3 Best Practices for Social Media Monitoring at Conferences

Conferences around the world are occurring on a weekly basis, and if you're not monitoring social media, you're missing out on valuable insights that you can extract from conversations. But once you've got a social listening tool in place, the process of deciding what to listen for can be quite overwhelming.

What should you take into account when determining what to monitor on the social web during conferences related to your business? Here are some best practices for your brand.

Check Out Your Presence
You may not always have a presence at a relevant conference, but if you do, it's critical to capture conversation around all pieces of the puzzle. One way to make this task easier is to create a hashtag and promote it as the way for people to discuss your presence.

If you have a booth, make sure the hashtag is displayed prominently so people can easily find it. If you are running a street team, ask people to post to social networks using the hashtag, or require they mention you to their social networks in exchange or information or swag. If someone from your company is speaking, have them mention the hashtag for the presentation verbally or on slides.

People won't always comply, of course, so you need to monitor for keywords outside the featured hashtag. Look for mentions of your brand and speaker's names, as well as variations of spellings of your company and your company's products to get the full picture of your social buzz. Don't just look for total volume, however. Run a sentiment analysis to figure out whether people are speaking positively or negatively about your presence.
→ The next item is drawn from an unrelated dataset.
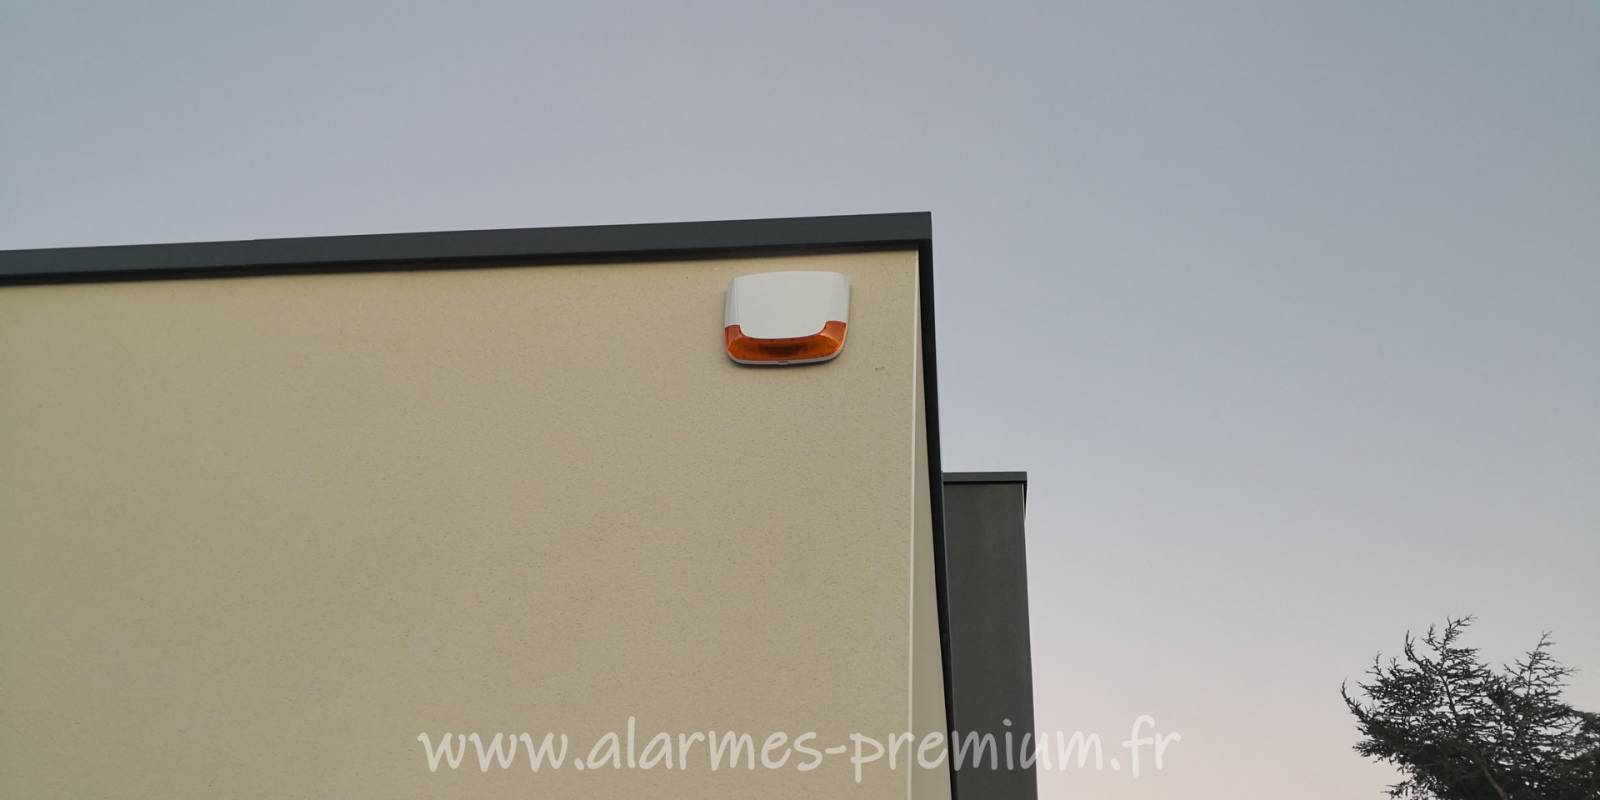 Achat et installation d'une alarme sans fil et détection extérieure près de Nîmes

Tip: Make sure you hone in on mentions that relate to the conference -- your data will be skewed if you don't filter out general mentions.

What's the Competition Up To?
Chances are, if your brand is interested in a particular conference, your competitors are as well. Before the conference begins, it's important to research the type of presence that your competitors will have at the conference, if any. If they do have a presence, there are a few things you will want to monitor in terms of competition:

  • Total social volume: Look for the same types of conversation as you are listening for your own brand
  • Share of voice: How much of the conversation is about your competitors compared to your own brand?
  • Competitive sentiment: If people are overwhelmingly positive or negative about a competitor, look at the types of things people are saying, and find out why. This will help you at future conferences.

What's Trending
This may fall outside the realm of your brand and competitors, but is equally as important in understanding the overall impact a conference may have on your brand or industry. Look at the top hashtags and overall conversation drivers around a conference. What are people talking about, and what is making them share on social networks?

While jumping in with a social ad around a hot topic can sometimes steer the conversation back toward you, it often looks contrived. Instead, use this information for future conferences to figure out how best to generate more buzz for your own future presences. While it's hard to predict what conference content will stir up social conversation, look for patterns across conferences to see what's working.